→ STORED DATA:
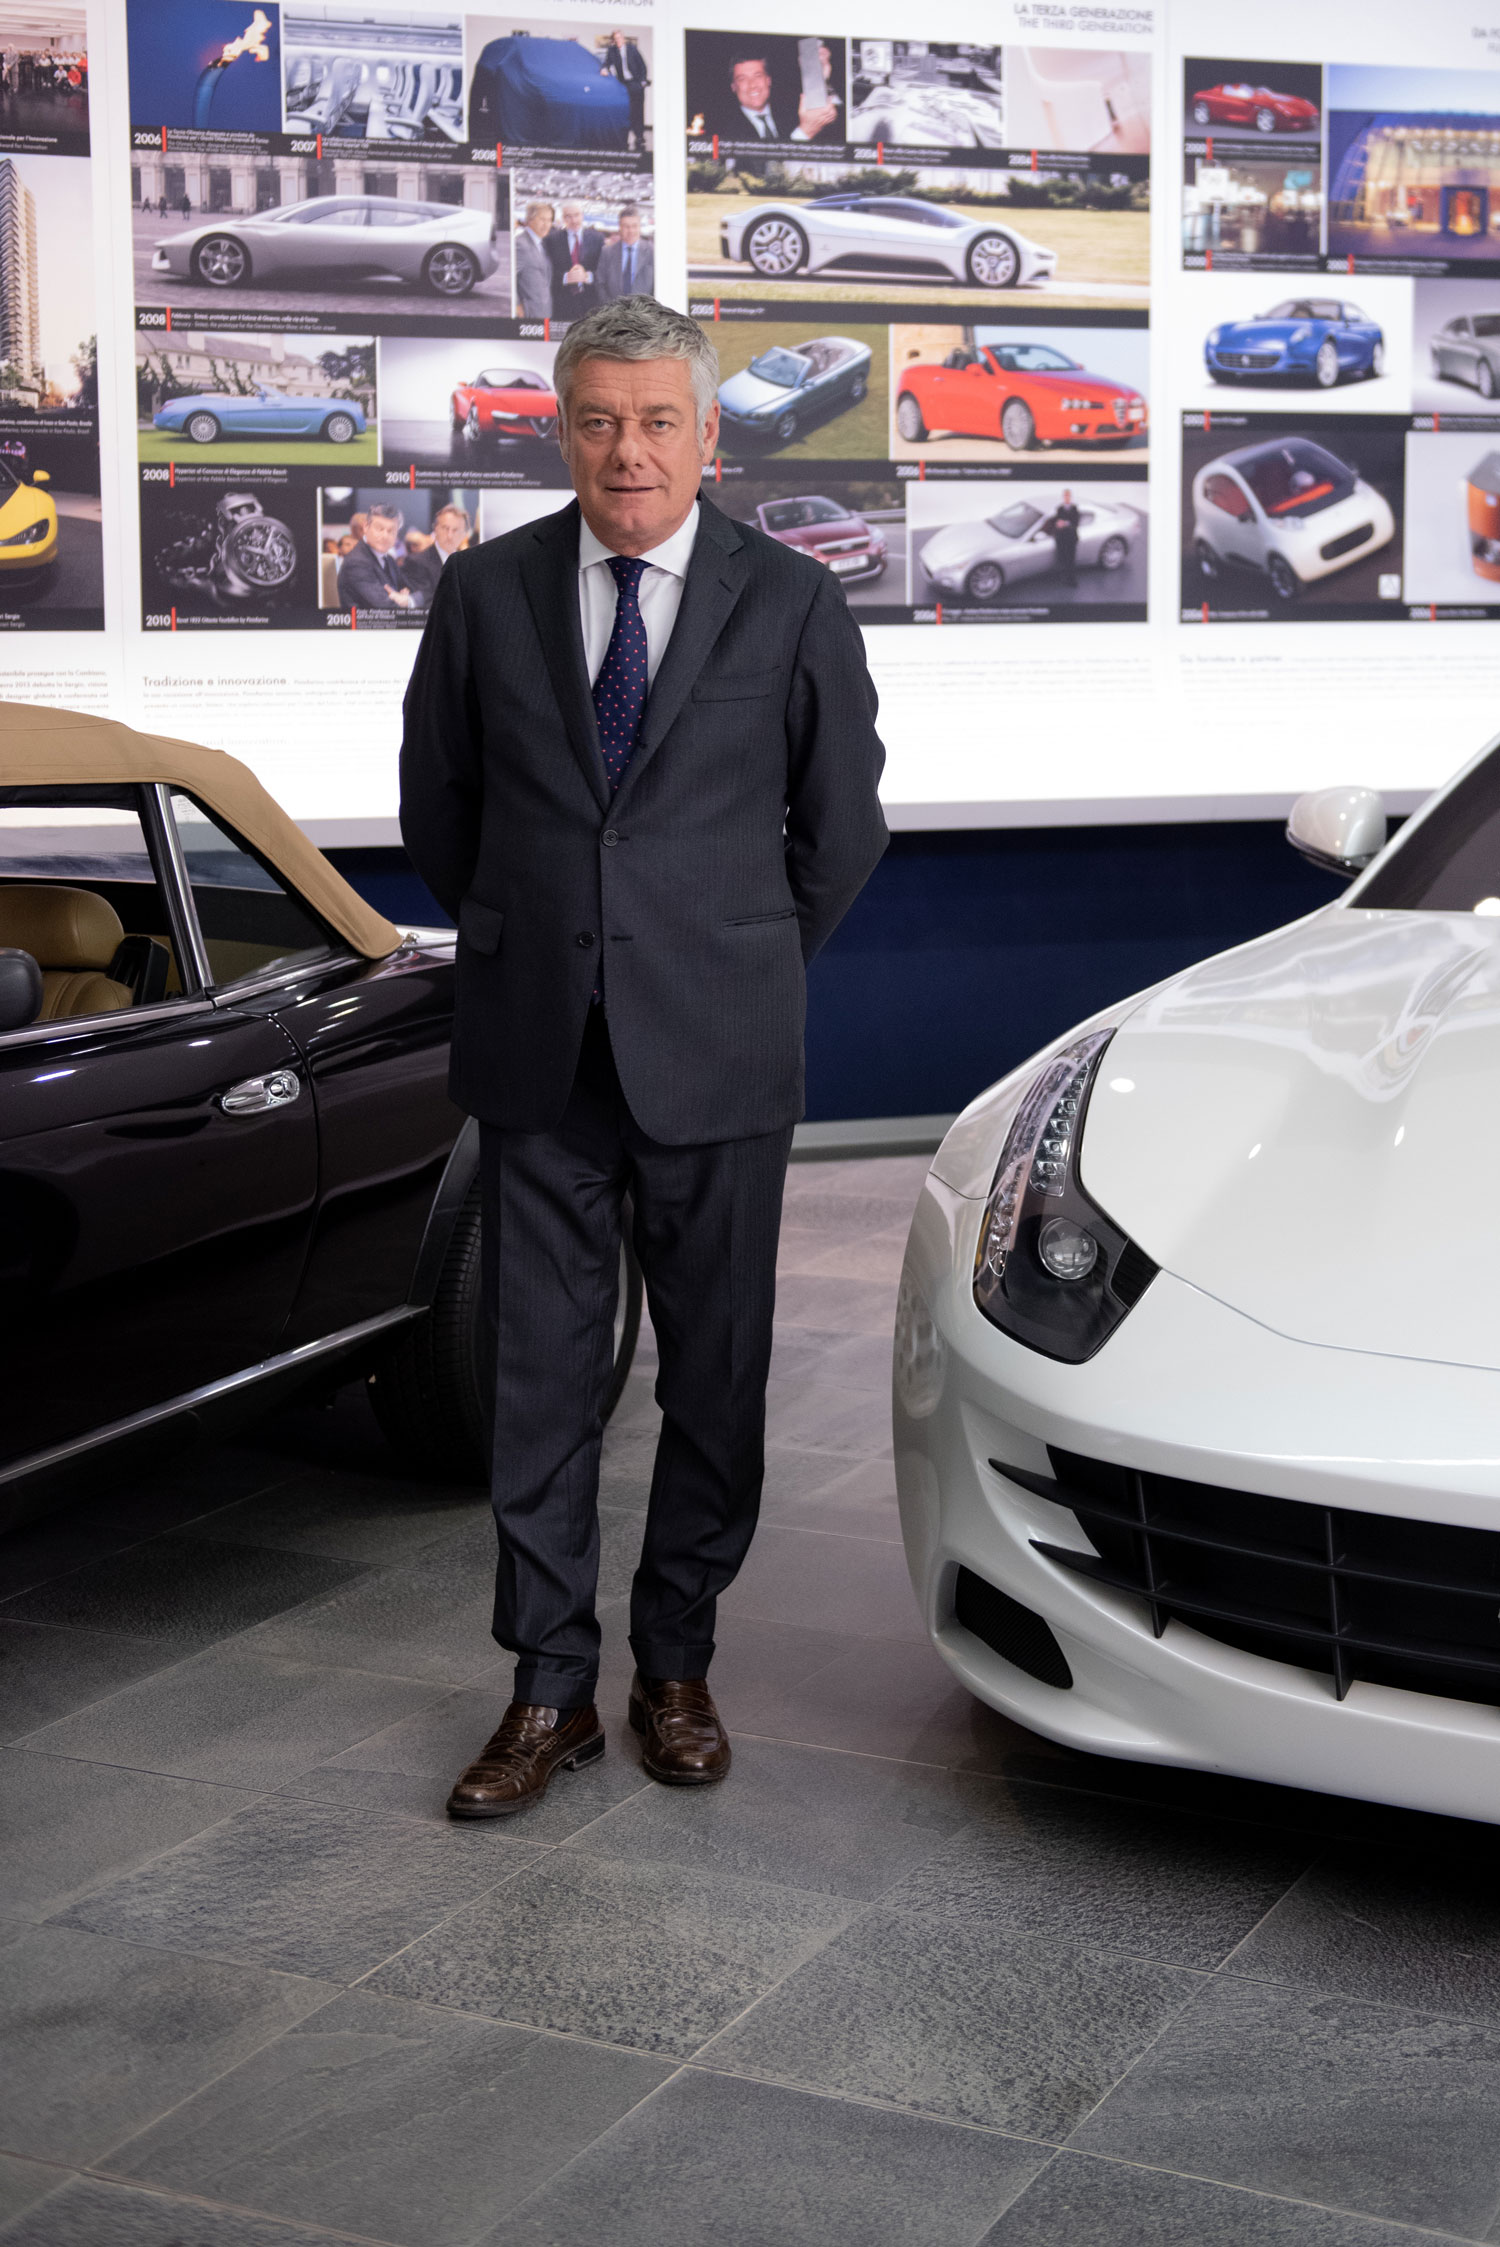 Paolo Pininfarina
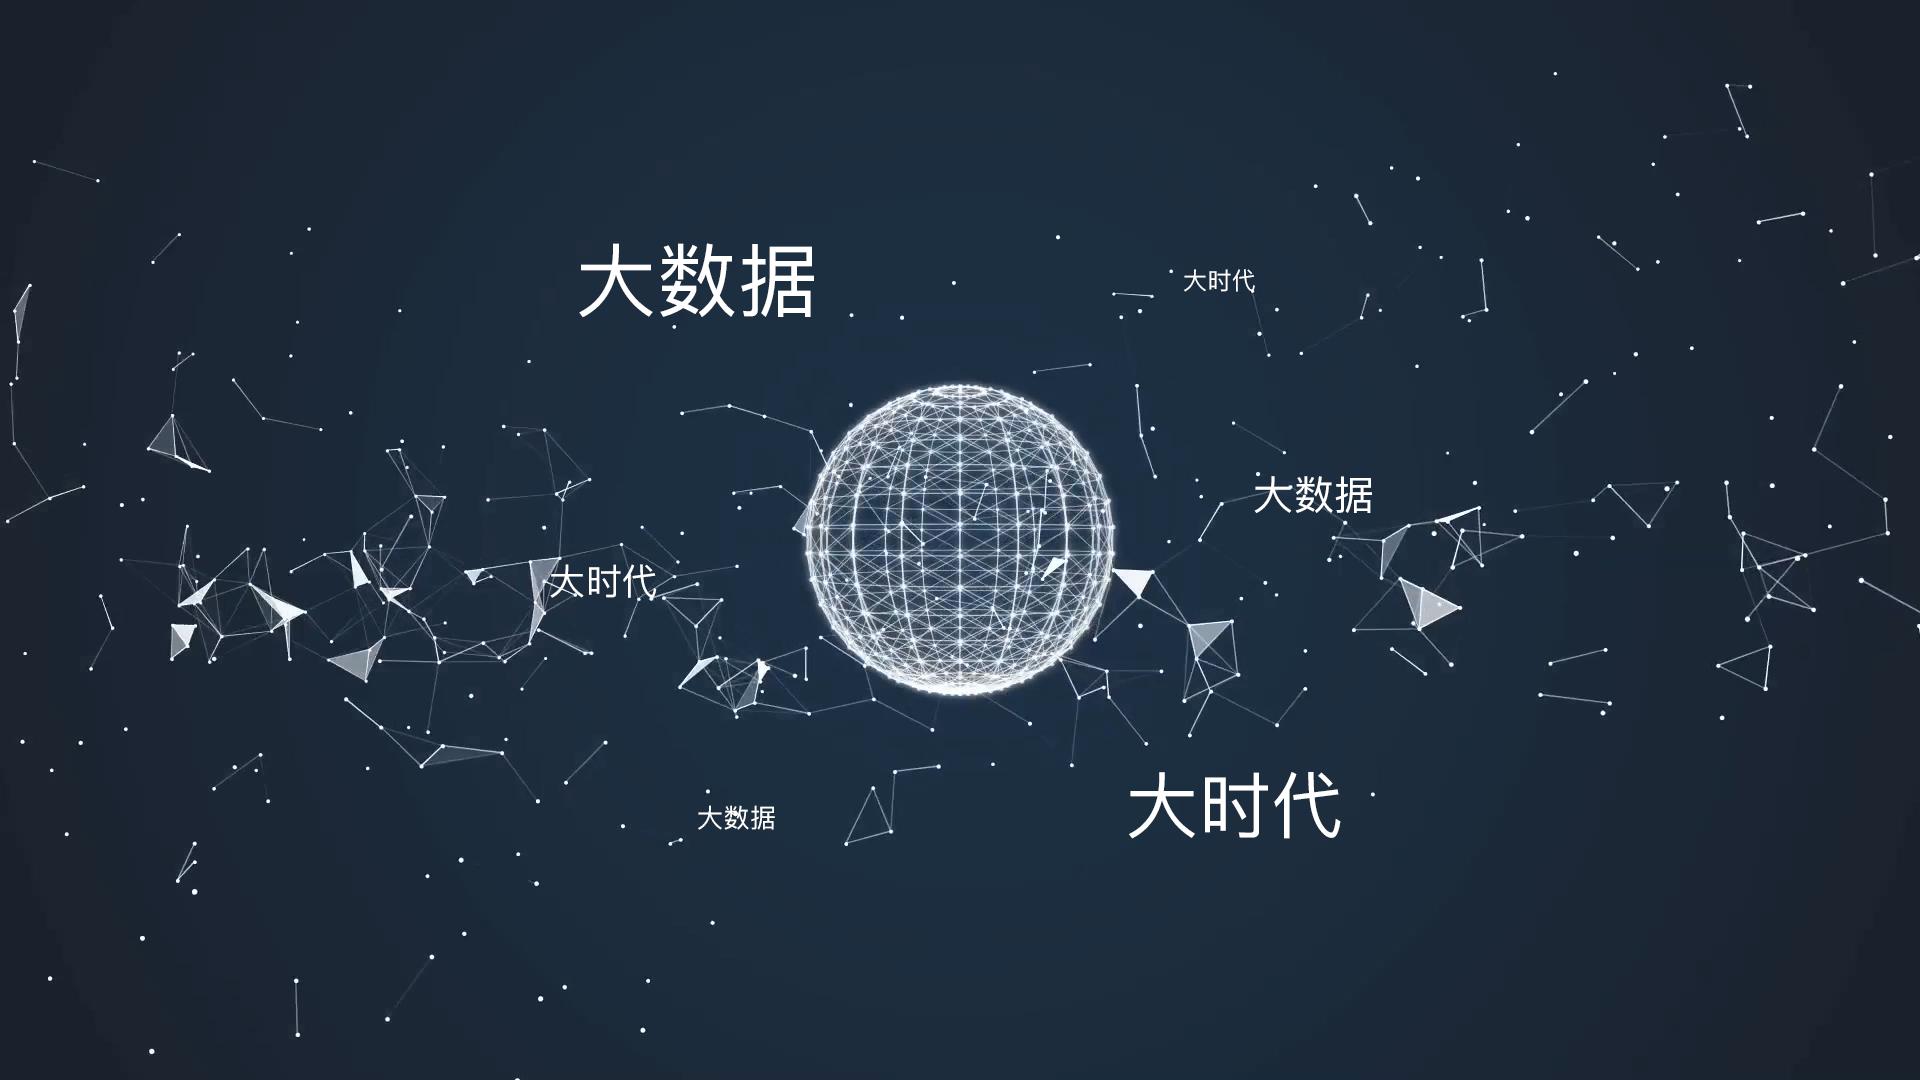 """中智游全域智慧文旅方案获评为""""2021年智慧旅游优秀解决方案"""""""
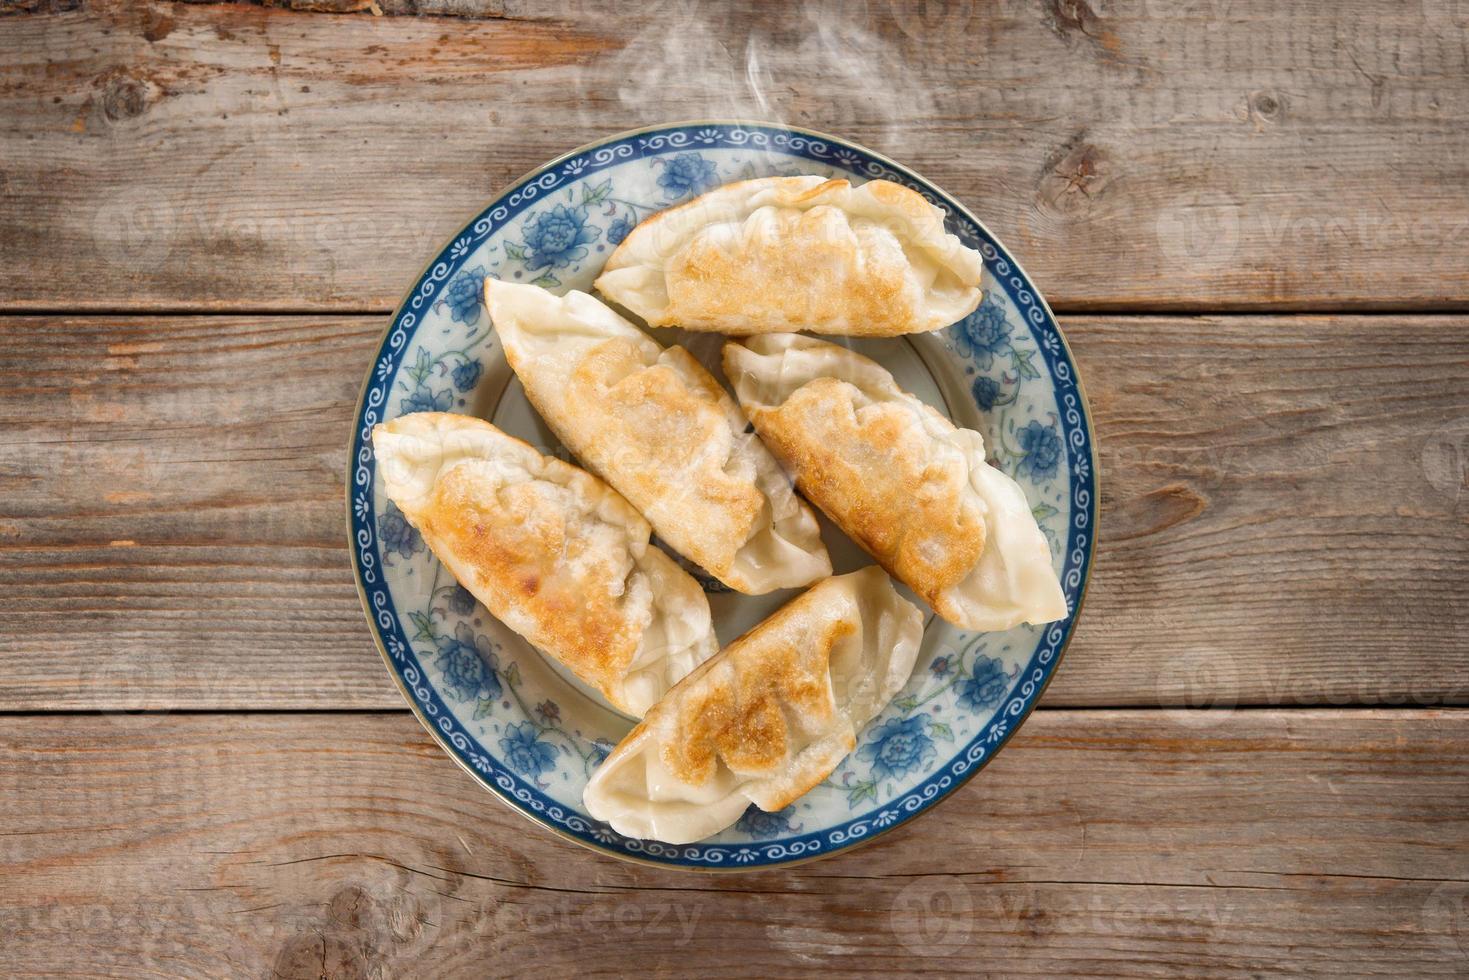 raviolis panés apéritifs asiatiques photo

→ ACTIVITY:
Every line of the data above is to be set down exactly; the pictures are not.

→ OUTPUT FOR THIS EXERCISE:
 Paolo Pininfarina
 """中智游全域智慧文旅方案获评为""""2021年智慧旅游优秀解决方案"""""""
 raviolis panés apéritifs asiatiques photo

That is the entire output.